Statistical significance between each group was estimated by Student t test, and the results were expressed as mean ± standard deviation (GraphPad Prism version 4; GraphPad Software, San Diego, CA, USA).

3. Results and discussion

3.1. Establishment of diabetic rat model

During the experiment, rats with diabetes gradually lost their body mass and developed high blood glucose levels. Two days after DM onset, the average blood glucose level in the DM group was > 450 mg/dL; this level persisted with the progress of DM within 450–600 mg/dL range.
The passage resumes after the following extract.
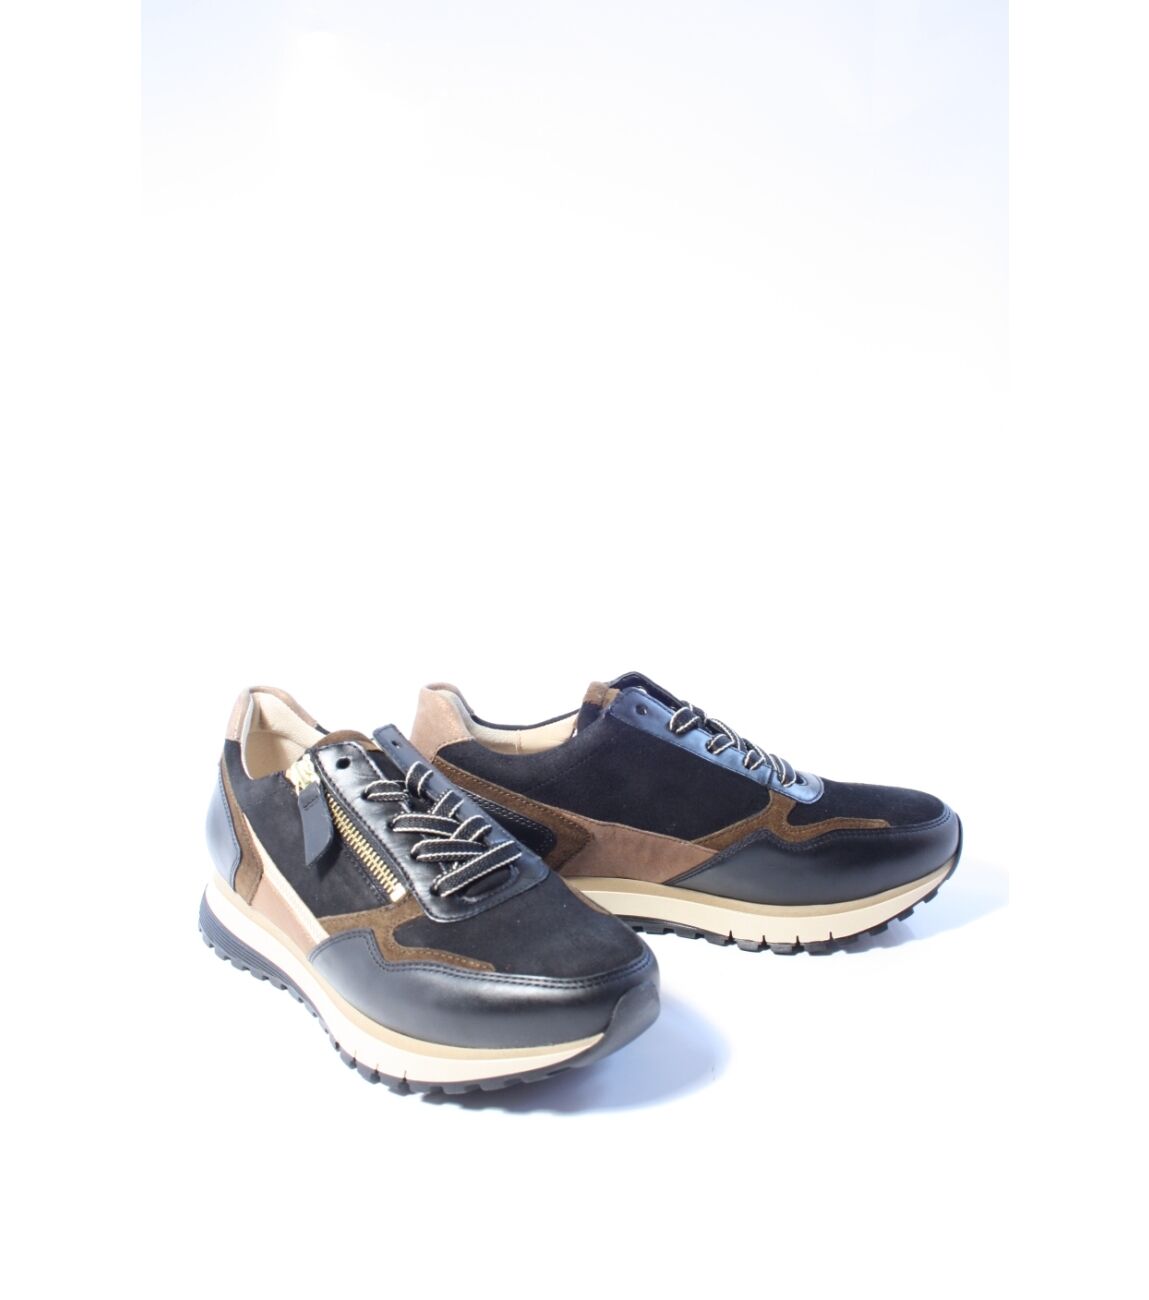 Gabor Dames Sneakers - zwart combi art - 56.378 67 maat 5.5/38.5

Prior to the microarray study, the effect of KRG on the biochemical indicators in the rats with STZ-induced DM was determined. The rats with KRG-treated DM did not show any change in body weight, plasma glucose, and hemoglobin A1c (HbA1c) levels as compared with those in rats with STZ-induced DM, suggesting that KRG has little effect on DM (Figs. 1A–C). The results, however, suggest that oral administration of KRG can lower the average levels of triglyceride and cholesterol in rats with KRG-treated DM than in rats with STZ-induced DM, although the difference in the levels is not statistically significant (Figs. 1D, 1E).

Fig. 1.

Fig. 1

Changes in body weight and the serum biochemical parameters in different groups of rats.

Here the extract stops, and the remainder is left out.